Stored data>
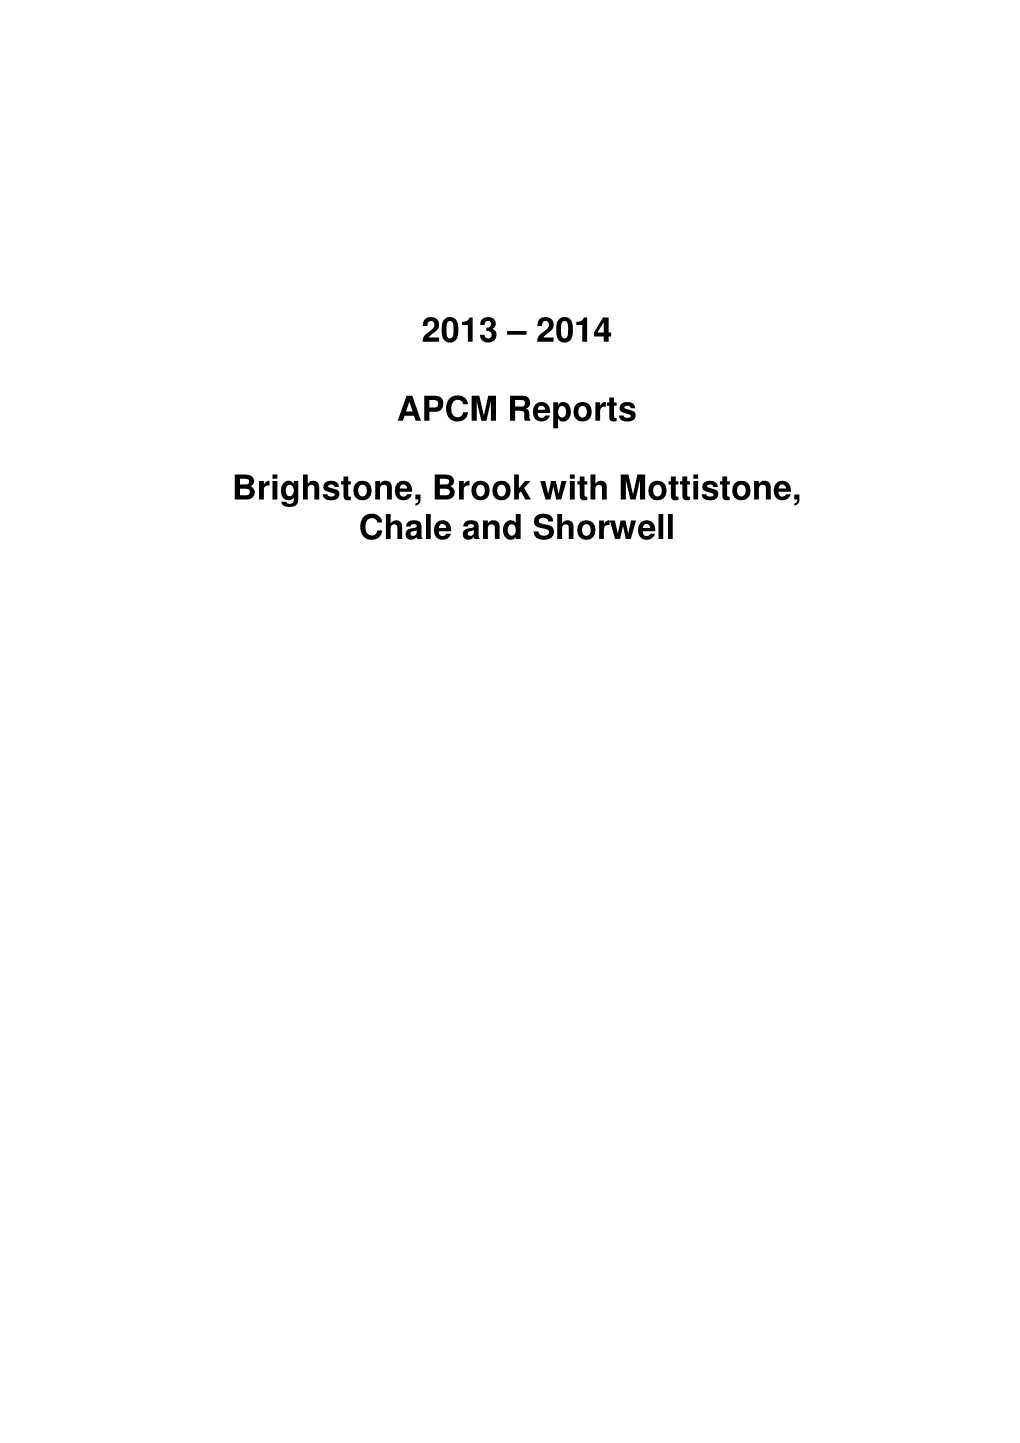 2013 – 2014 APCM Reports Brighstone, Brook with Mottistone, Chale and Shorwell
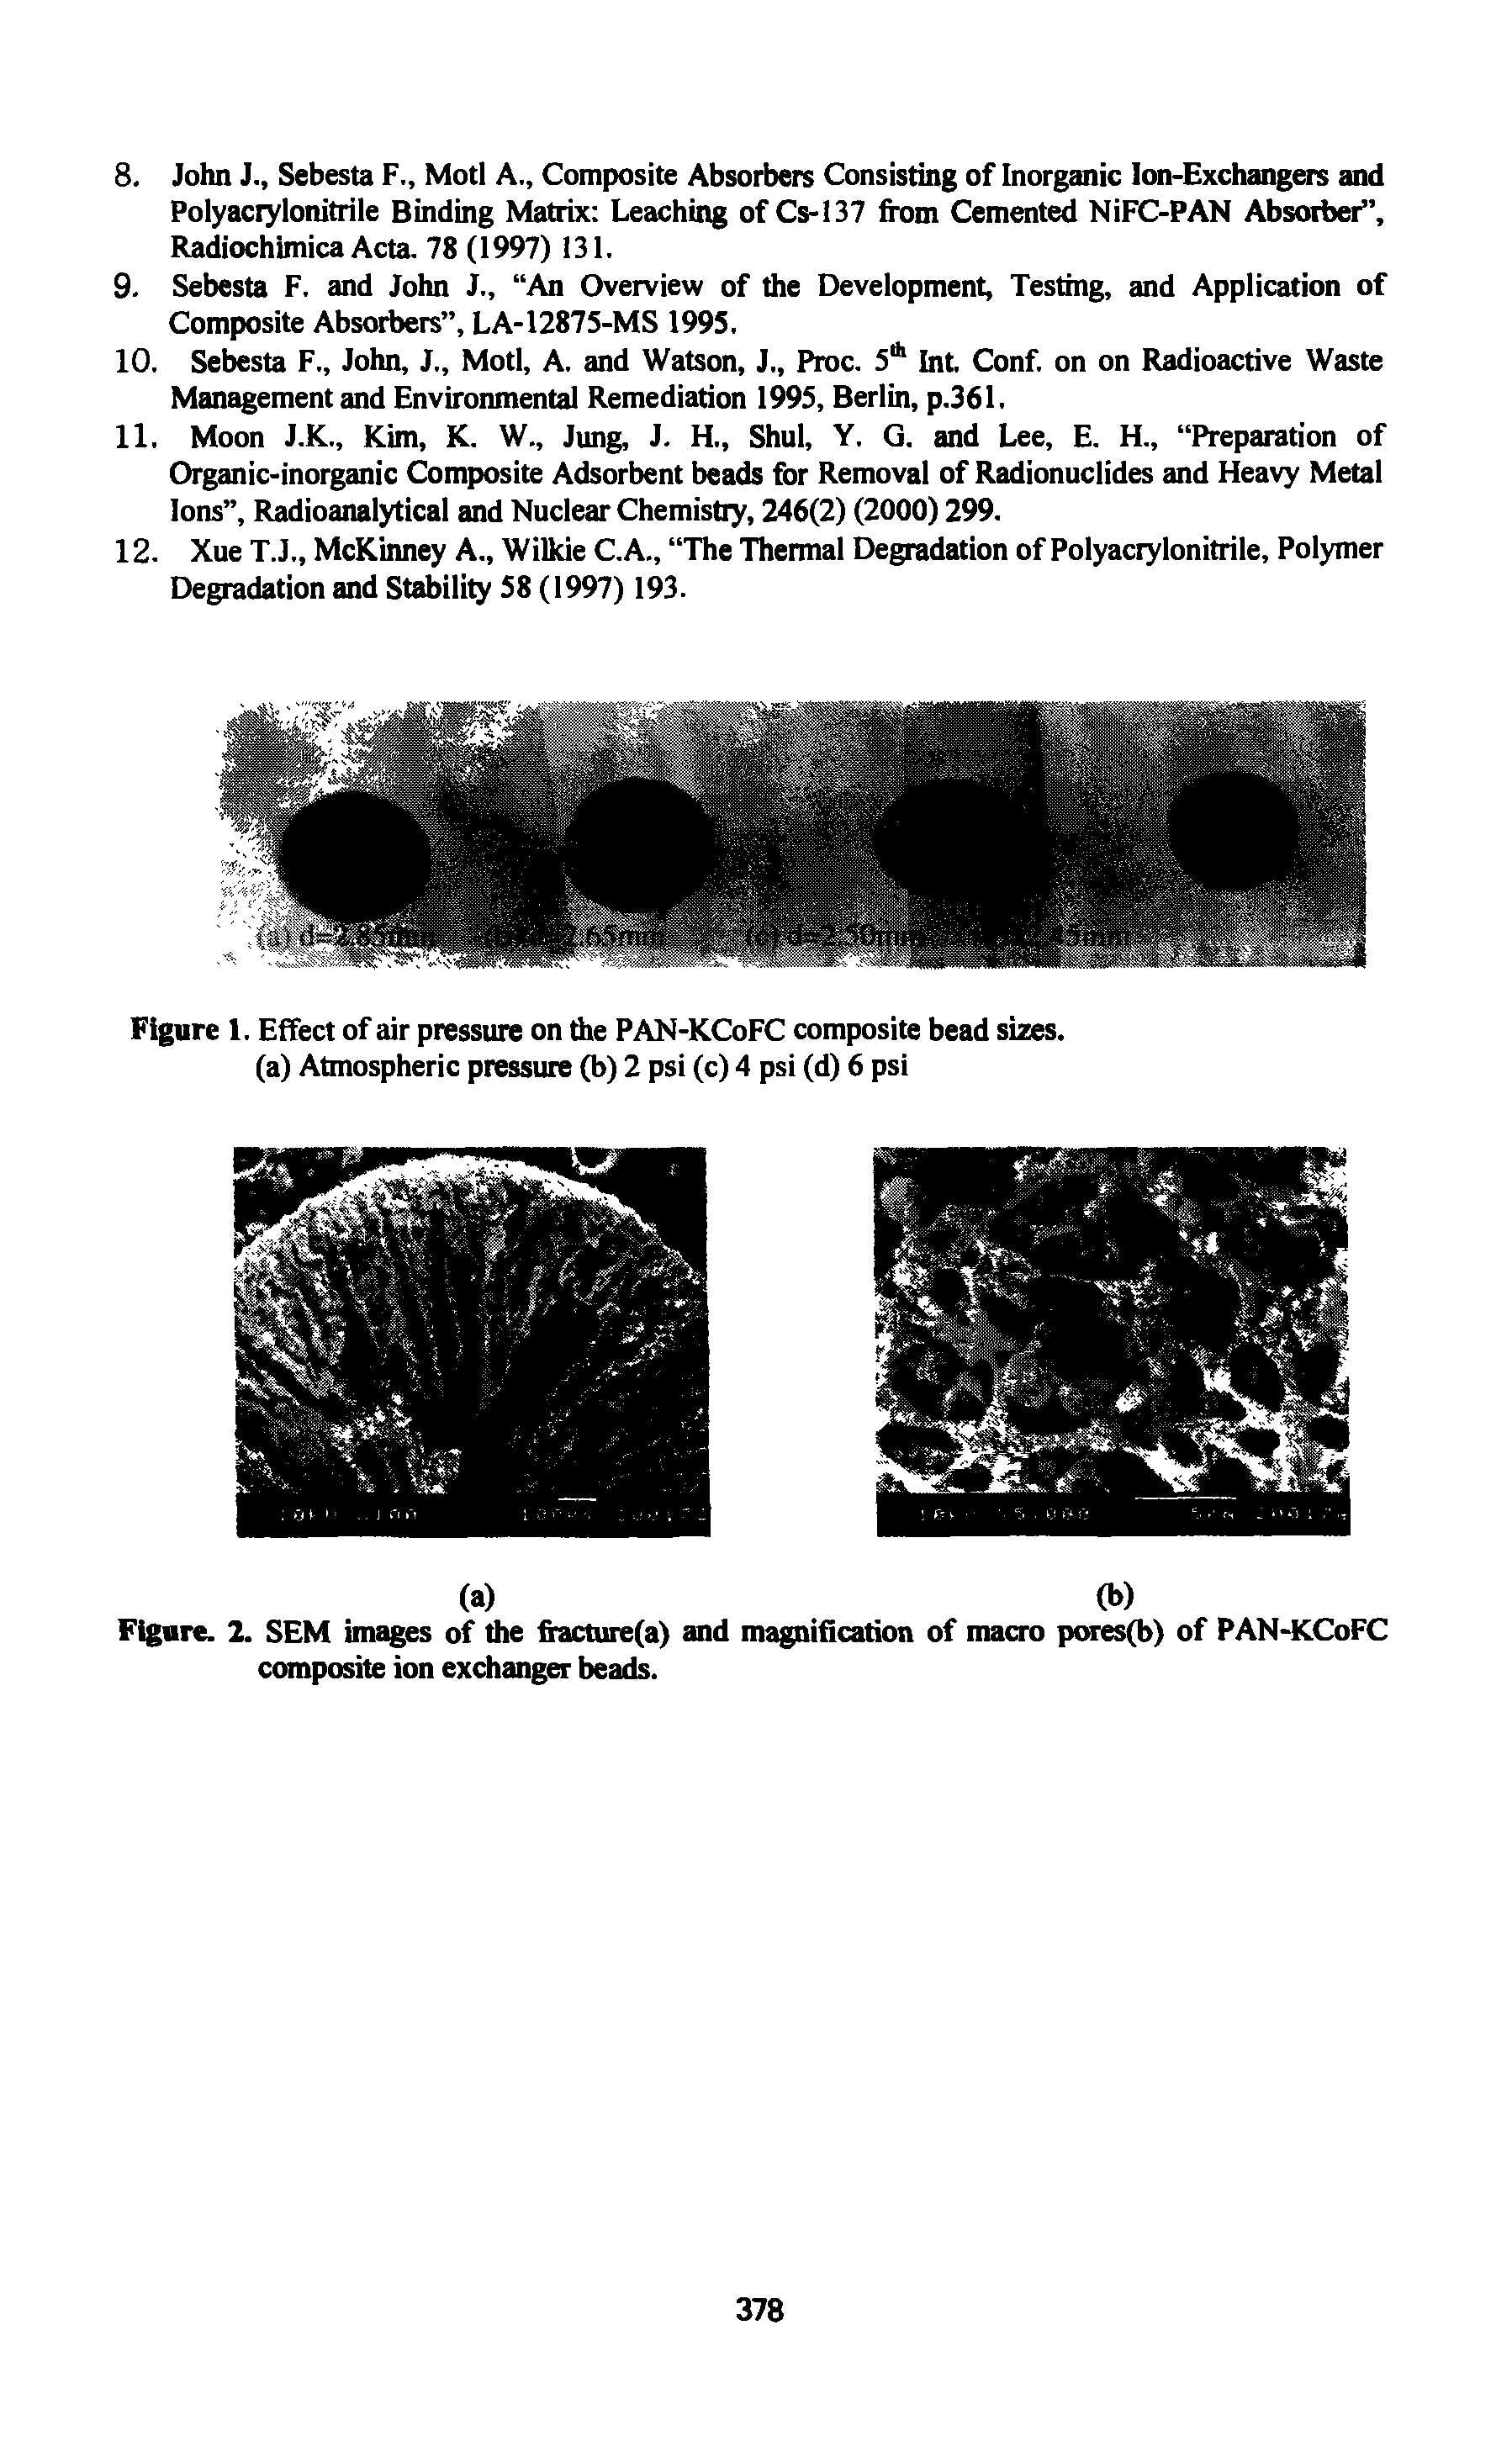 Figure. 2. SEM images of the fracture(a) and magnification of macro pores(b) of PAN-KCoFC composite ion exchanger beads.
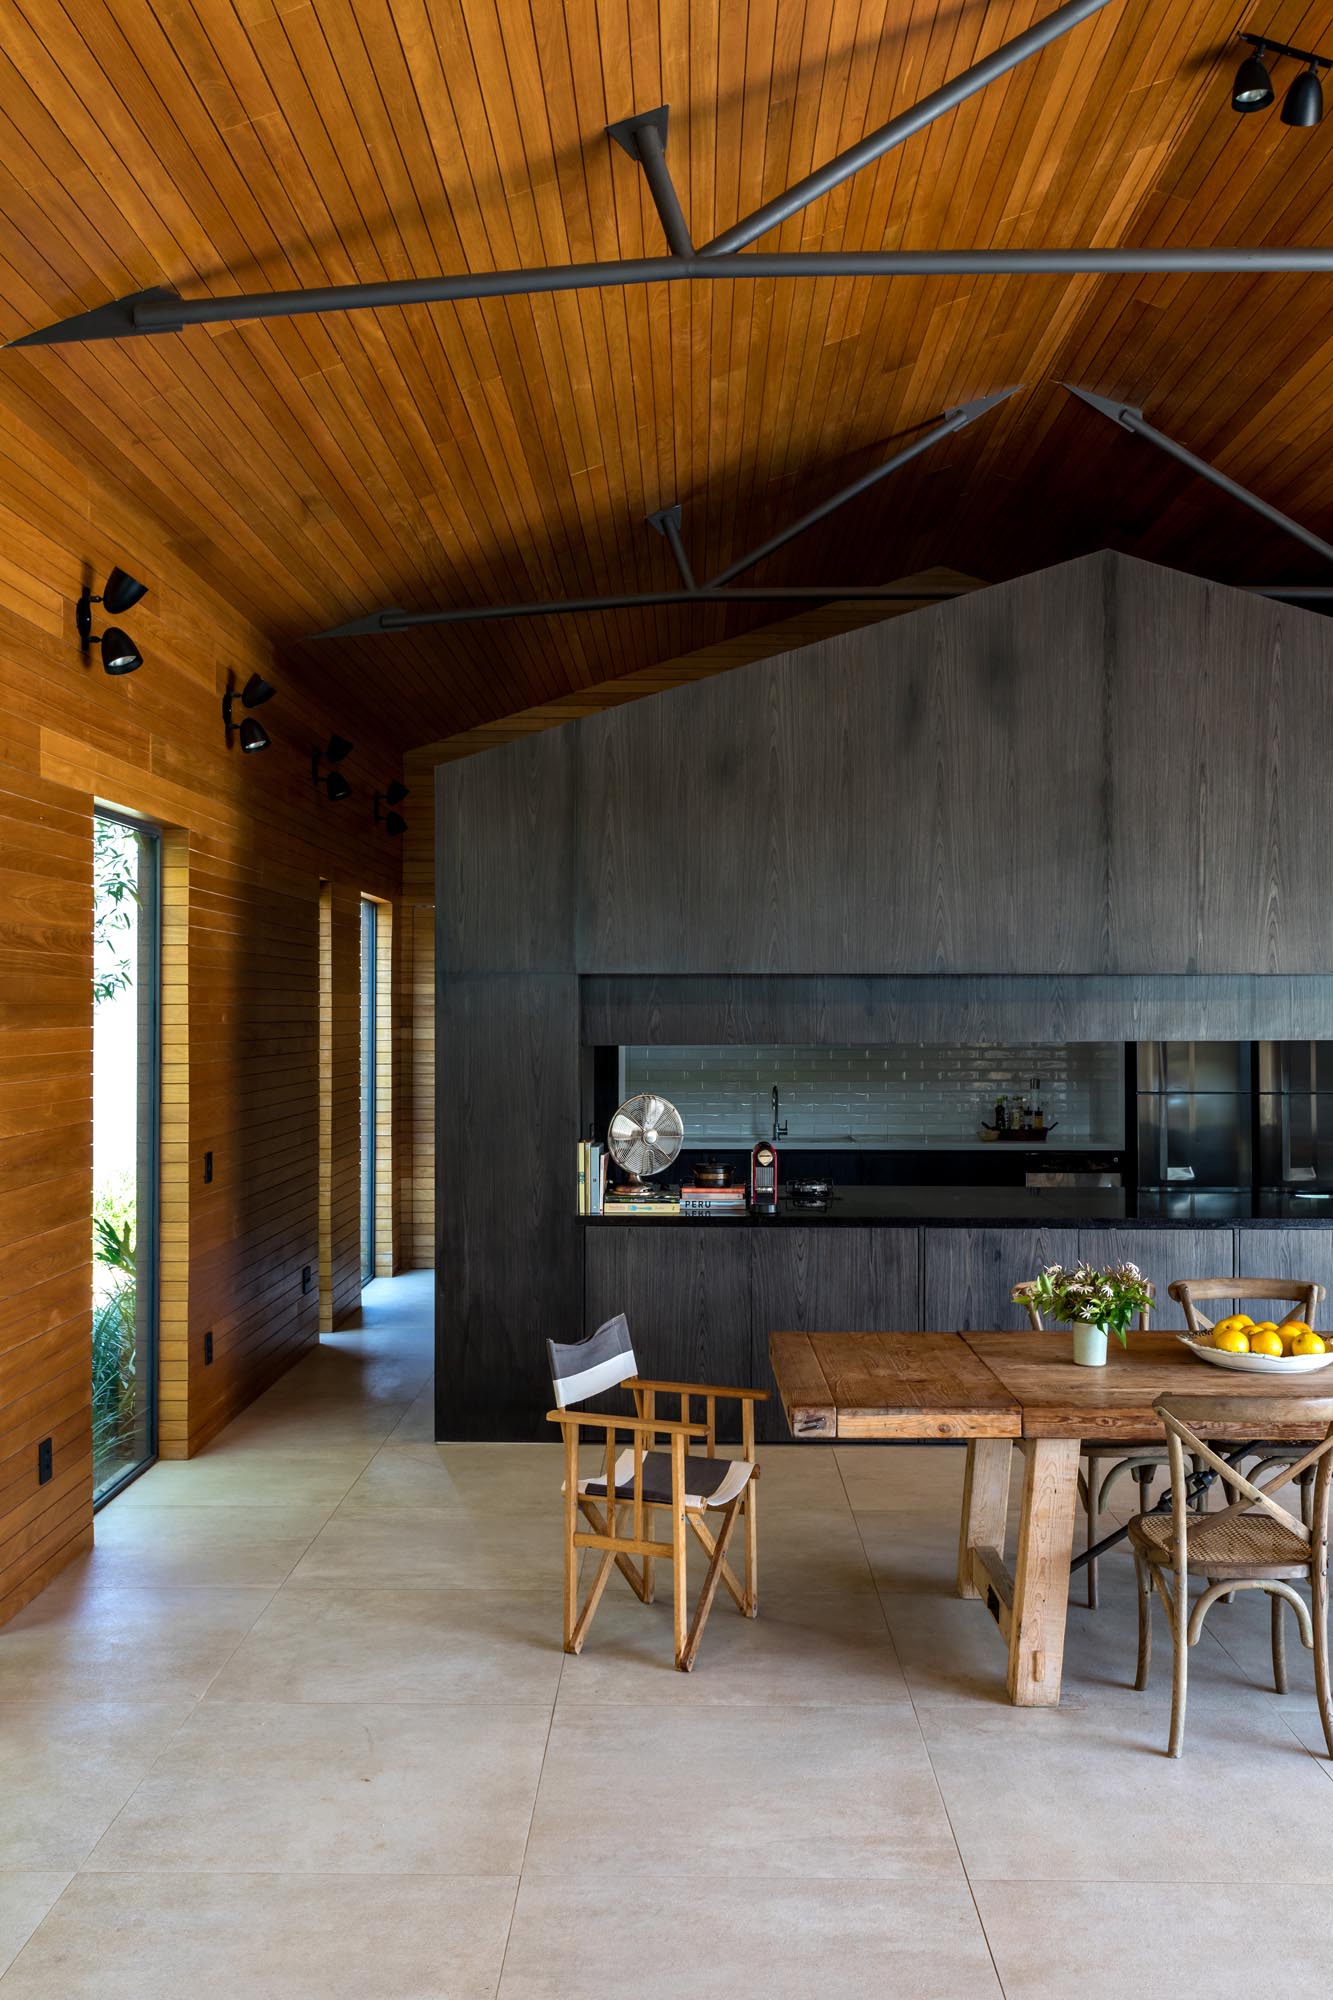 The interior of this modern home is lined in Tauari, a Brazilian pale wood, while the kitchen is completely made out of darkened wood. The kitchen can also be hidden from view, as a section of the cabinetry can be lowered down to close it off.

Work item> Images stay out, but the rest of the data above must be repeated exactly.

Worked solution>
 2013 – 2014 APCM Reports Brighstone, Brook with Mottistone, Chale and Shorwell
 Figure. 2. SEM images of the fracture(a) and magnification of macro pores(b) of PAN-KCoFC composite ion exchanger beads.
 The interior of this modern home is lined in Tauari, a Brazilian pale wood, while the kitchen is completely made out of darkened wood. The kitchen can also be hidden from view, as a section of the cabinetry can be lowered down to close it off.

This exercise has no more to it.